Let's say we have two groups of players, Props and Locks, and we record how many tackles they make in a game (how many times they stopped an opponent with the ball).

We can clearly see that both groups have different values associated with them. It would be unfair to make a direct comparison between the two groups, as it's likely that each of the groups have different opportunities to tackle during a game. So which of the two is a better performer within its own group? The 88 of the Props or the 63 of the Locks?

This is where Z-Scores can help us out;

Z-Score looks at a sample set of data (in this case, Props and Locks are considered a group each), figures out what the average (mean) is within the set of data and how big the spread is (standard deviation).

Each player within the set of data is than compared vs. those two metrics to see how far away they are from the average, e.g., seeing how much of an outlier they are. This is a form of normalization that allows us to compare players in different positions to one another.

If we take the 88 from the Props and calculate their Z-Score we get (88-60)/21.4 = 1.3

For the Lock making 63 tackles we get (63-36)/19= 1.4

This shows that the Lock is more of an outlier (1.4 standard deviations away from the mean) then the Prop!

To give you an idea what it looks like if we plot all those players again, but than using the Z-Score of the Tackles made as an axis , we see that we have applied a baseline (the mean) so we can compare players between the groups more easily.

The second approach is using ranked percentiles, not to be confused with definitions as the 25th, 50th, etc percentile of a dataset (commonly determined for boxplots).

For the ranked percentiles we rank all players between 0 and 100. 0 being worst and 100 being best in the example of Tackles made.

This implies that, regardless of the dataset, there will always be an equal range of values for Ranked Percentiles, 0-100 (% or th Rank Percentile), whereas in Z-Scores the range van vary.

Let us walk through the same sample data of Props and Locks again. We start with assigning Ranks to each player with the group in ascending order starting at Rank 0.

The Ranked Percentile can be calculated from those ranks using the following equation.

This now provides us with a Rank Percentile that allows us to pick the top, bottom and any in between players.

This makes it easier to pick out the top N players within a position and compare their metrics vs. other top N's. But we do loose the angle of what the metric is completely.

However, a combination of Tackles, Z-Scores of Tackles and Percentile Ranks of Tackles can work hand in hand to do some great player analysis!

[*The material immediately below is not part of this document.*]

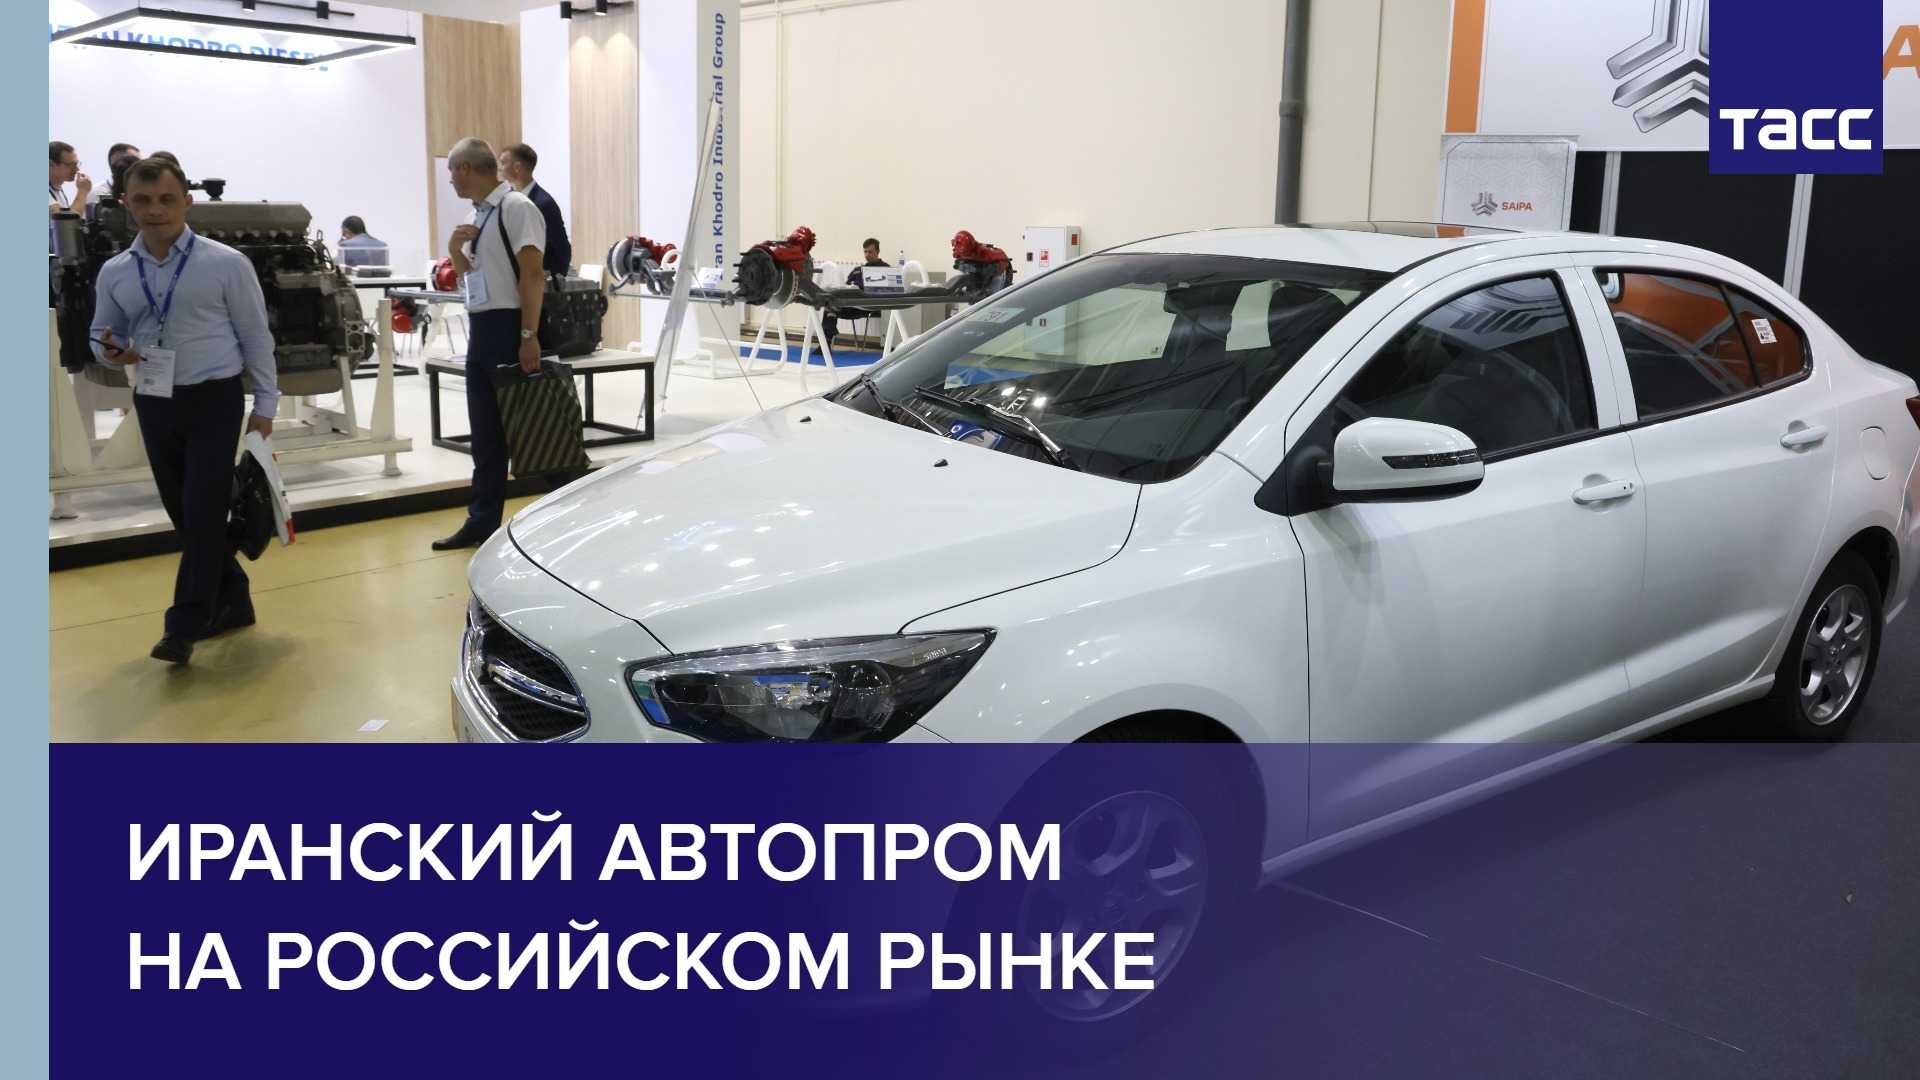 Иранская автокомпания saipa готовится представить свои авто на российском рынке - новости транспорта
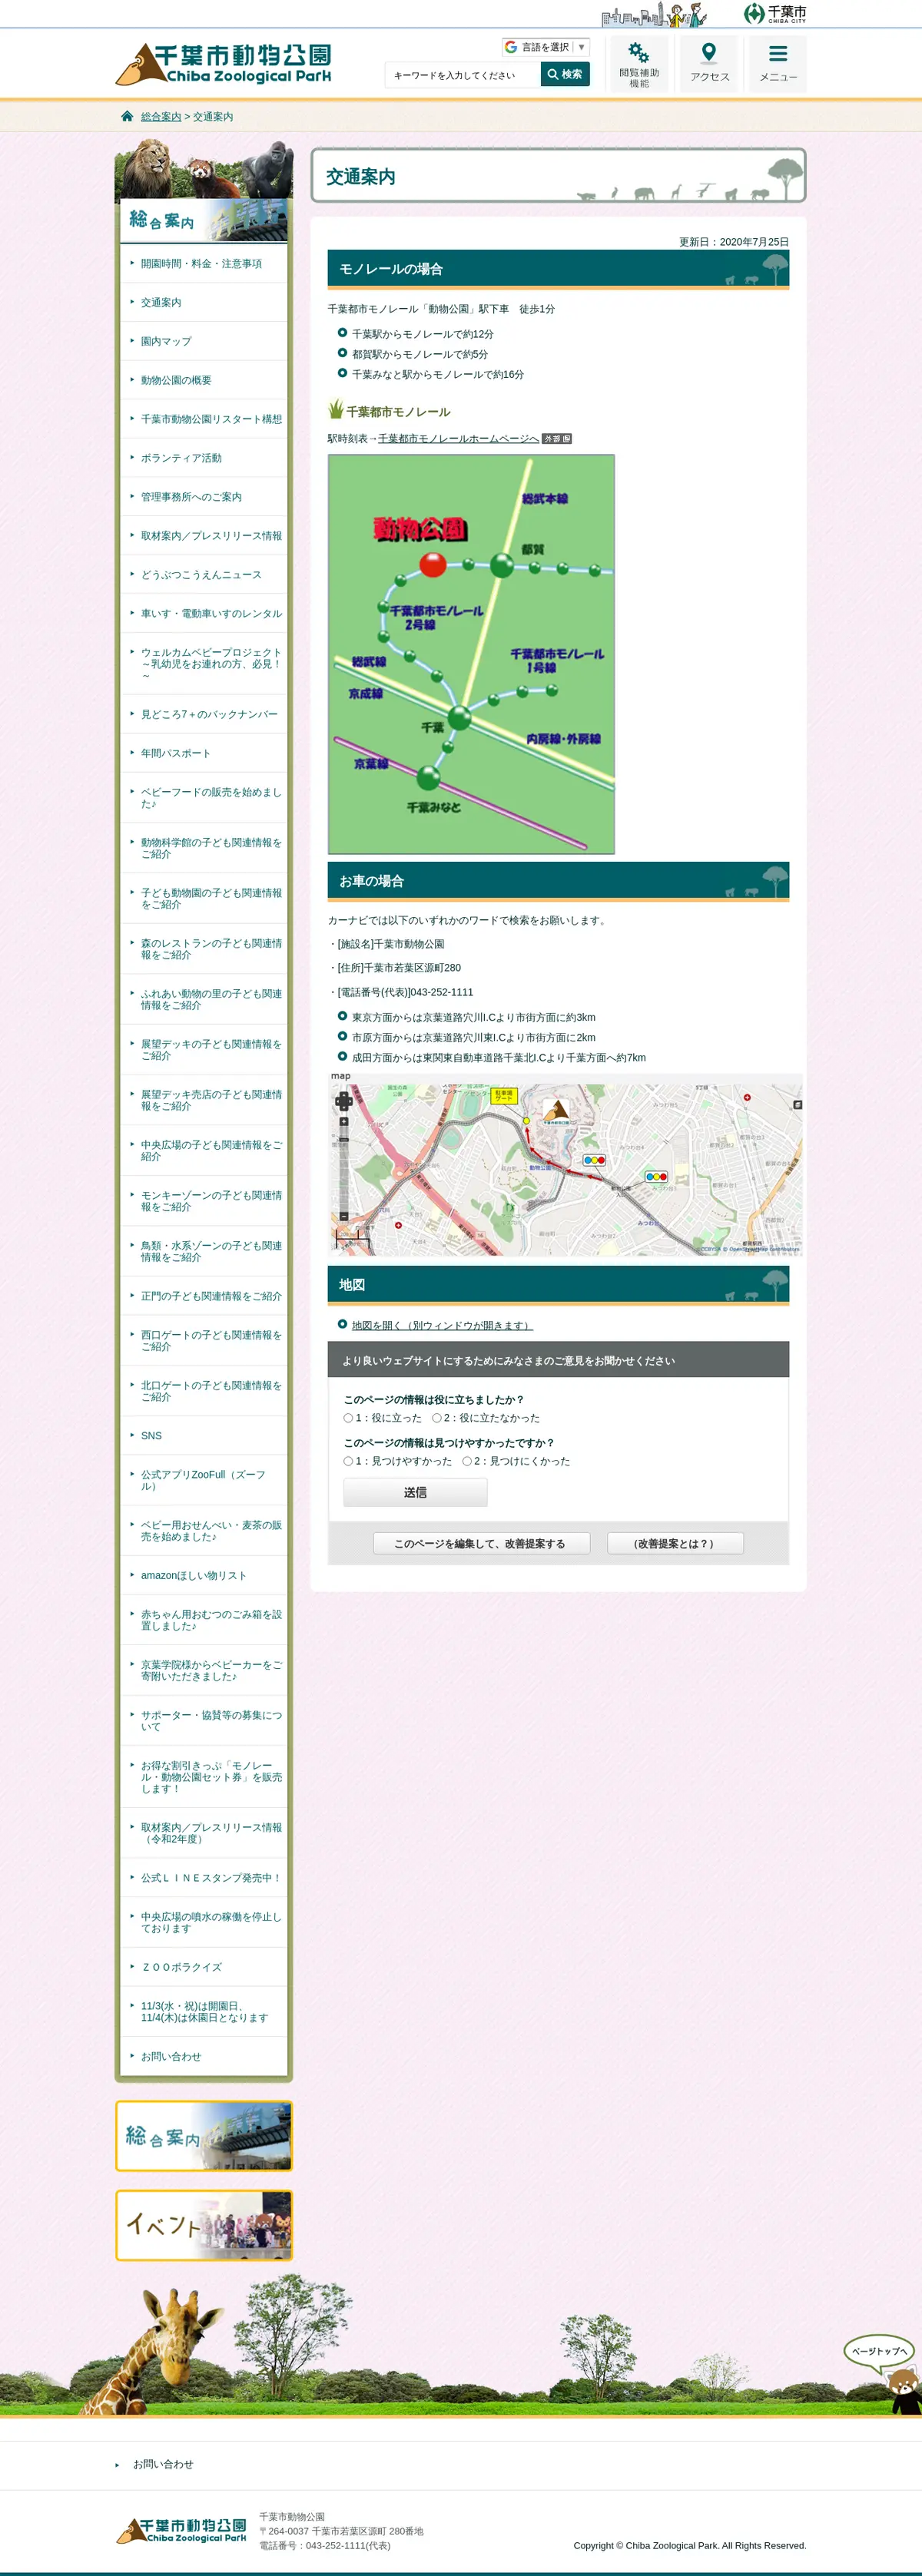 キャプチャ画面 会社名:千葉市都市局公園緑地部プロジェクト名:千葉市動物公園 画面名:アクセス・地図・マップ詳細 デバイス名:PCカテゴリ:動物・ペットタグ:アクセス・地図・マップ詳細

A final note on how Rank Percentile deals with equal values; it skips a rank (values: 8,10,10,12 - rank: 0,2,2,3).

Have a look at a blog of our Data School Alumni; Lemis Tufail, who explains this using an example in Tableau.
https://www.thedataschool.co.uk/lemis-tufail/rank-percentile-on-tableau/

2. How to in Tableau

In Tableau we will utilize the table calculations to make sure our Z-Scores and Rank Percentiles are calculated dynamically based on filters applied and the desired aggregated metric.

I will walk through the calculated fields and table calculation setups for tackles per game. All other metrics follow the same logic.

As a reminder, the data is obtained from the New Zeeland Rugby League (NRL) website. https://www.nrl.com/

One row of data in the player stats table consists of one player and the game they played in. Metrics such as tackles made, meters run, etc are used to subsequently calculate the numbers we're interested in.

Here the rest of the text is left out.